» **ASSIGNMENT**
Extract the full listing verbatim and drop any pictures from your copy.

» **DATA BLOCK**
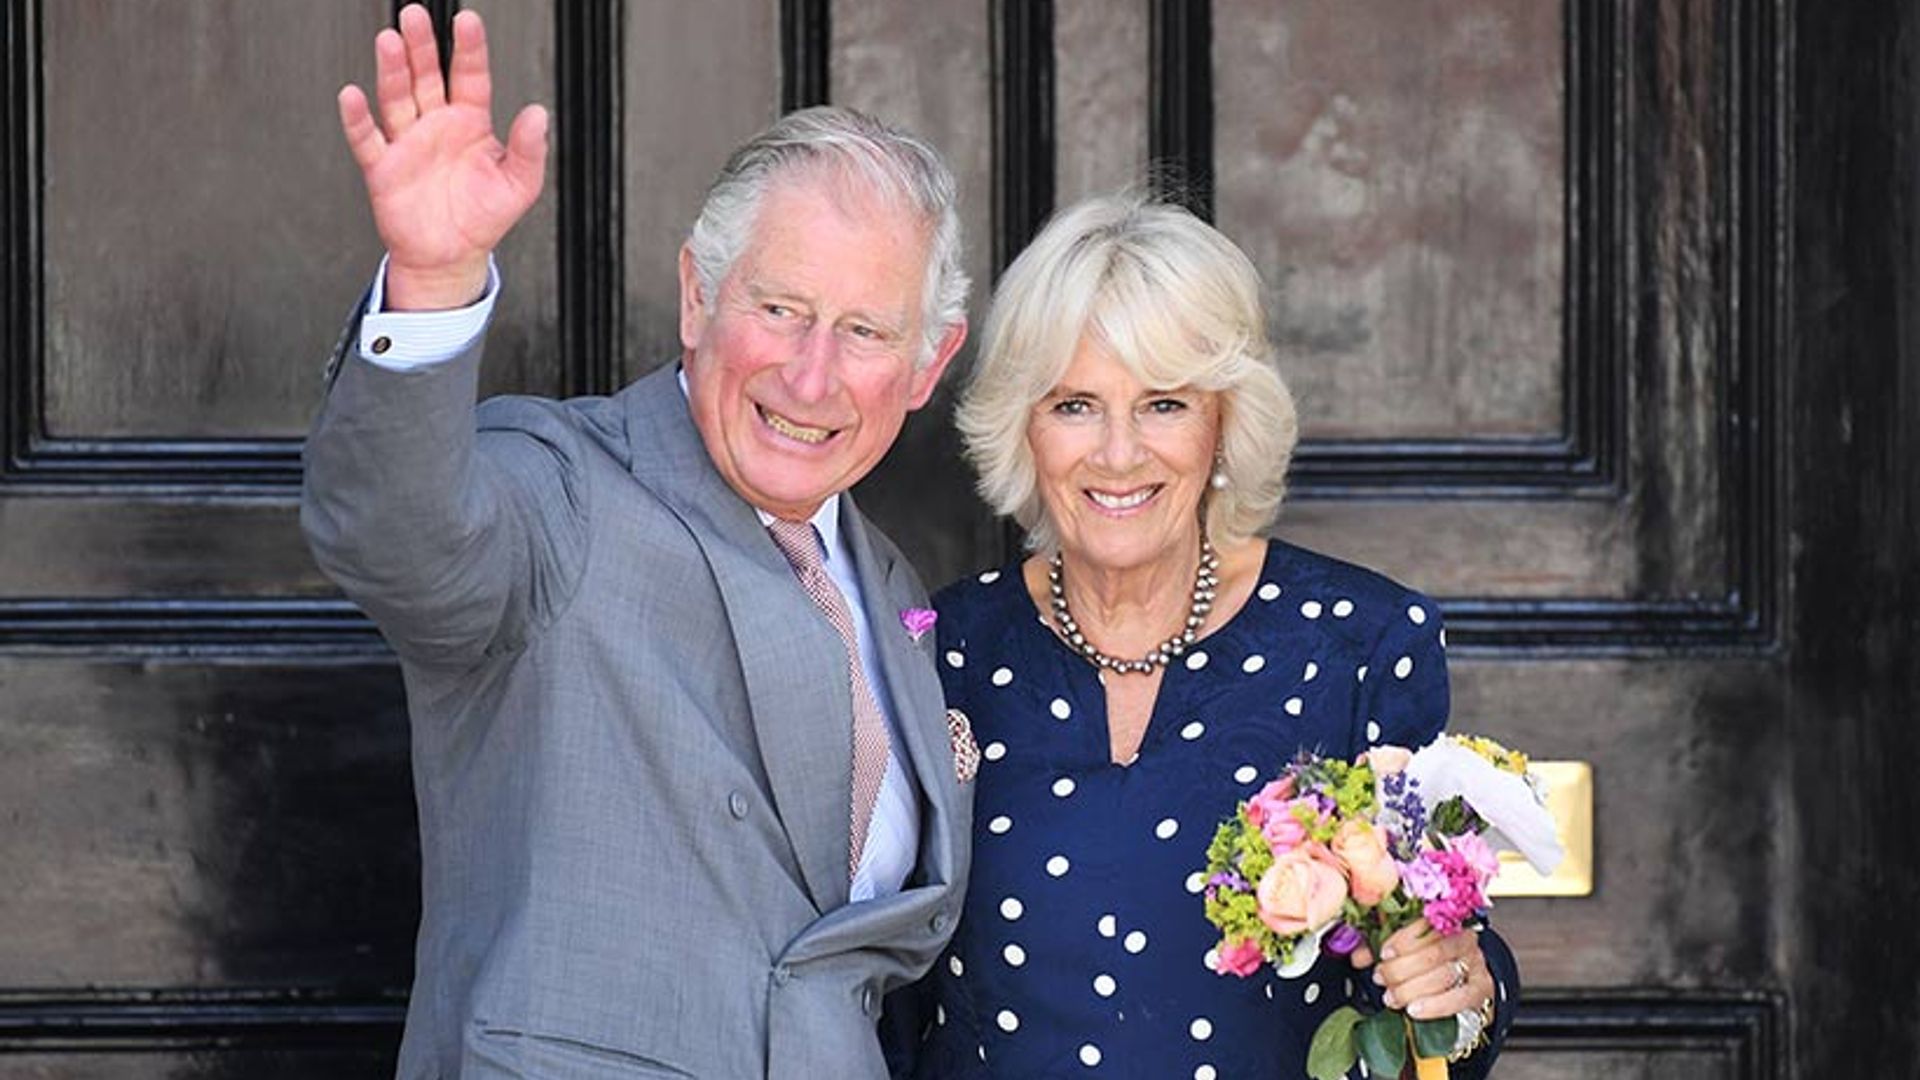 camilla parker bowles spotted dress
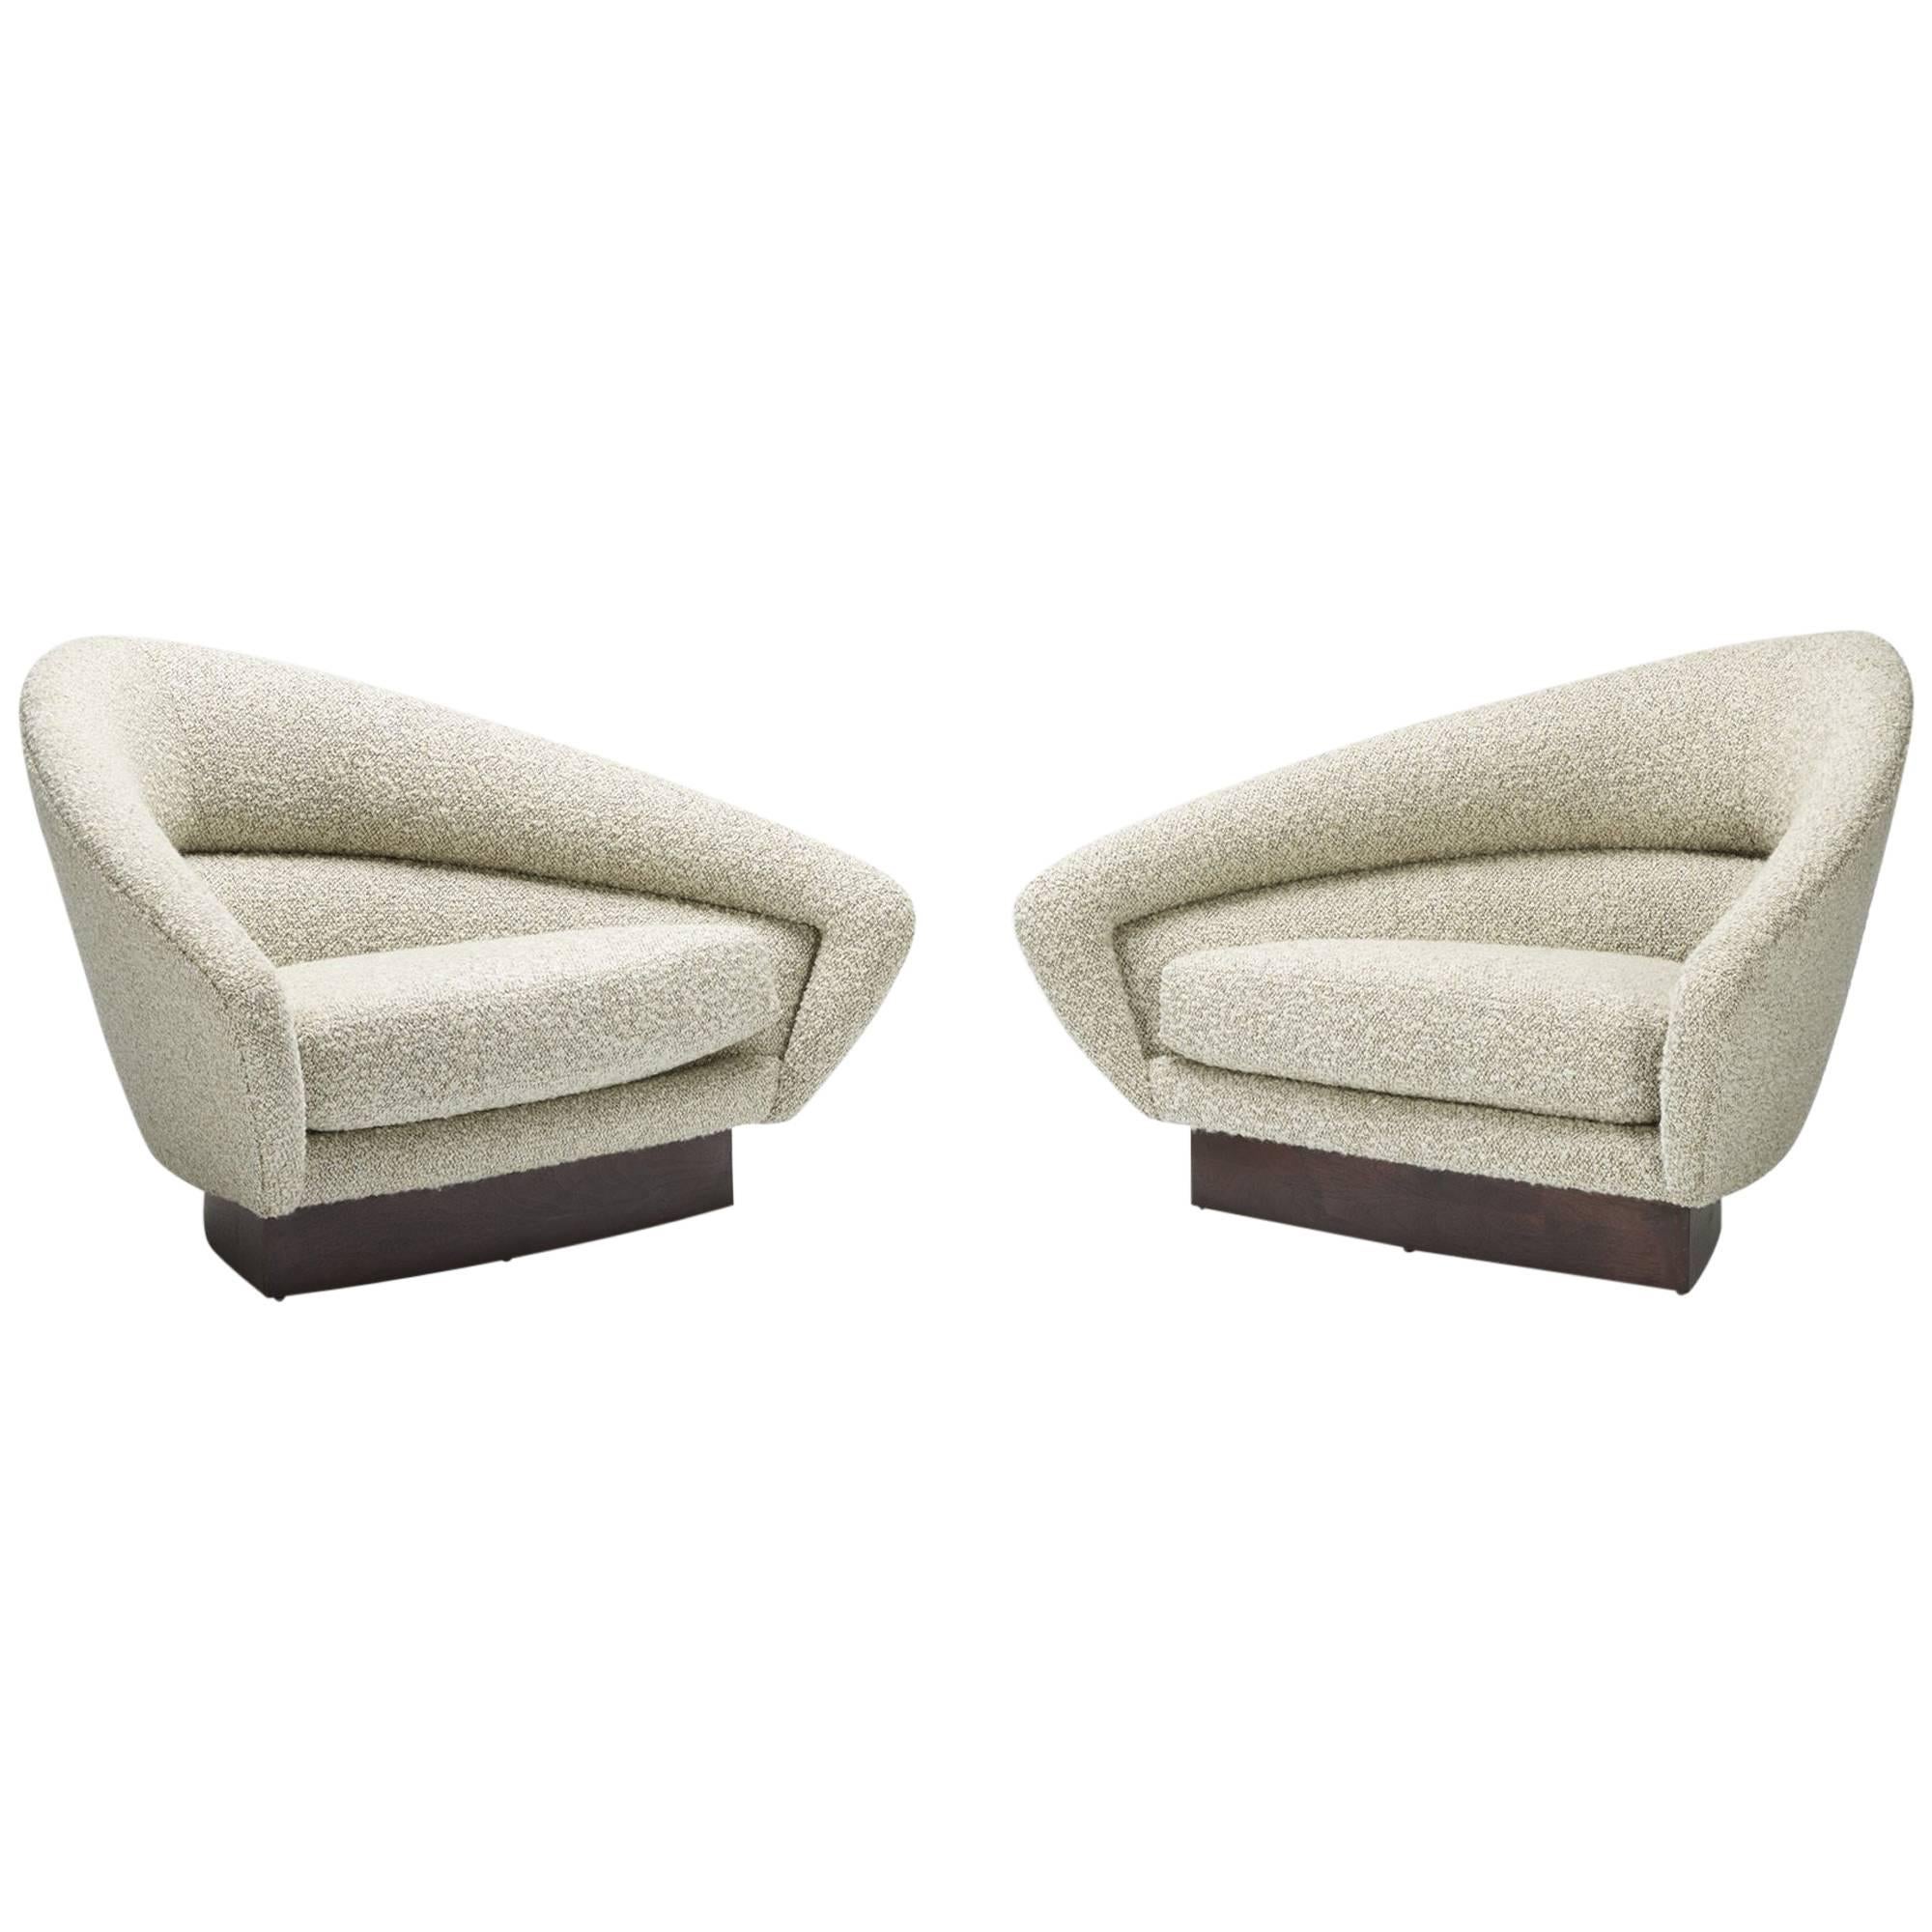 Pair of Lounge Chairs by Adrian Pearsall for Craft Associates
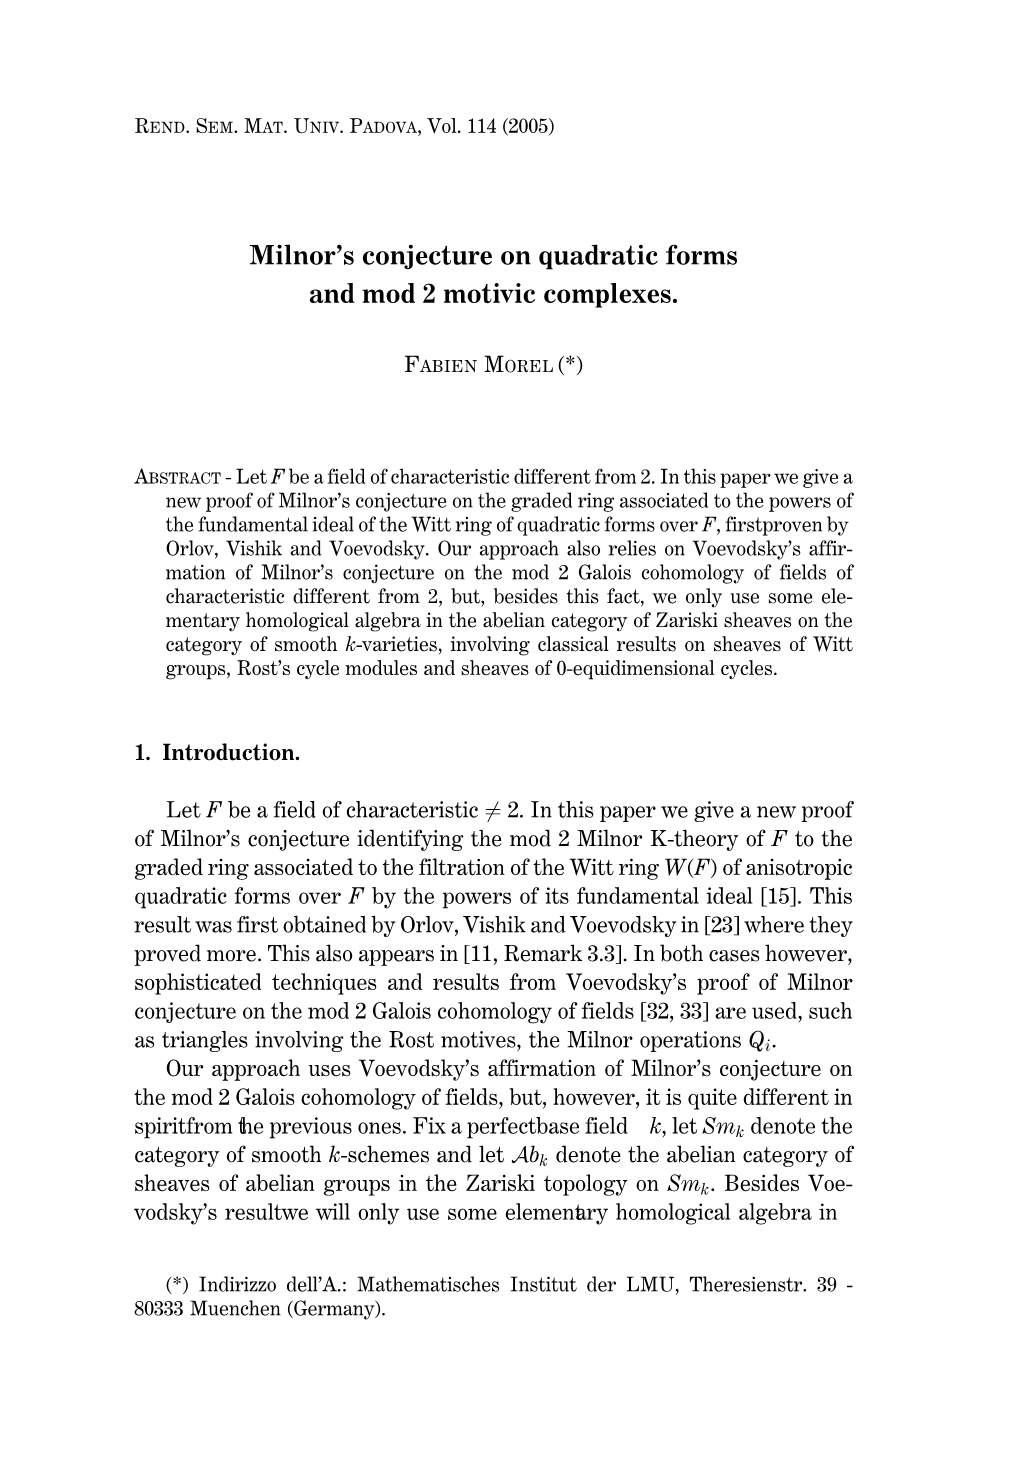 Milnor's Conjecture on Quadratic Forms and Mod 2 Motivic Complexes
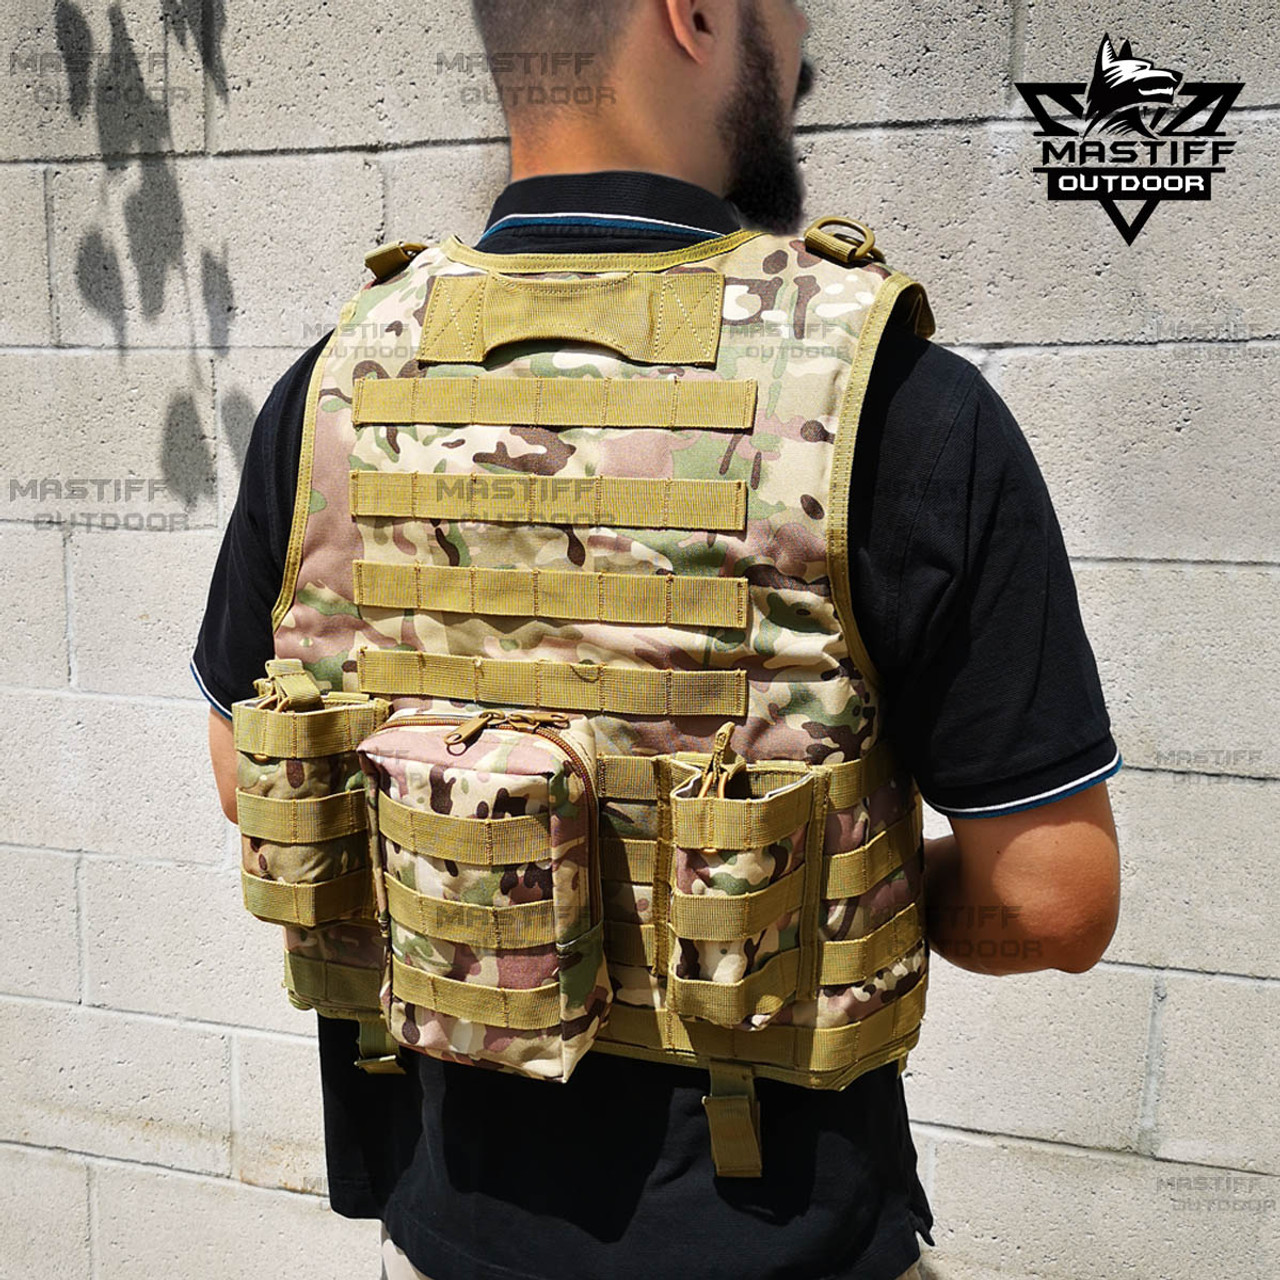 Yakeda Tactical Vest Armor Plate Carrier Airsoft Paintball Jacket

» **ANSWER**
 camilla parker bowles spotted dress
 Pair of Lounge Chairs by Adrian Pearsall for Craft Associates
 Milnor's Conjecture on Quadratic Forms and Mod 2 Motivic Complexes
 Yakeda Tactical Vest Armor Plate Carrier Airsoft Paintball Jacket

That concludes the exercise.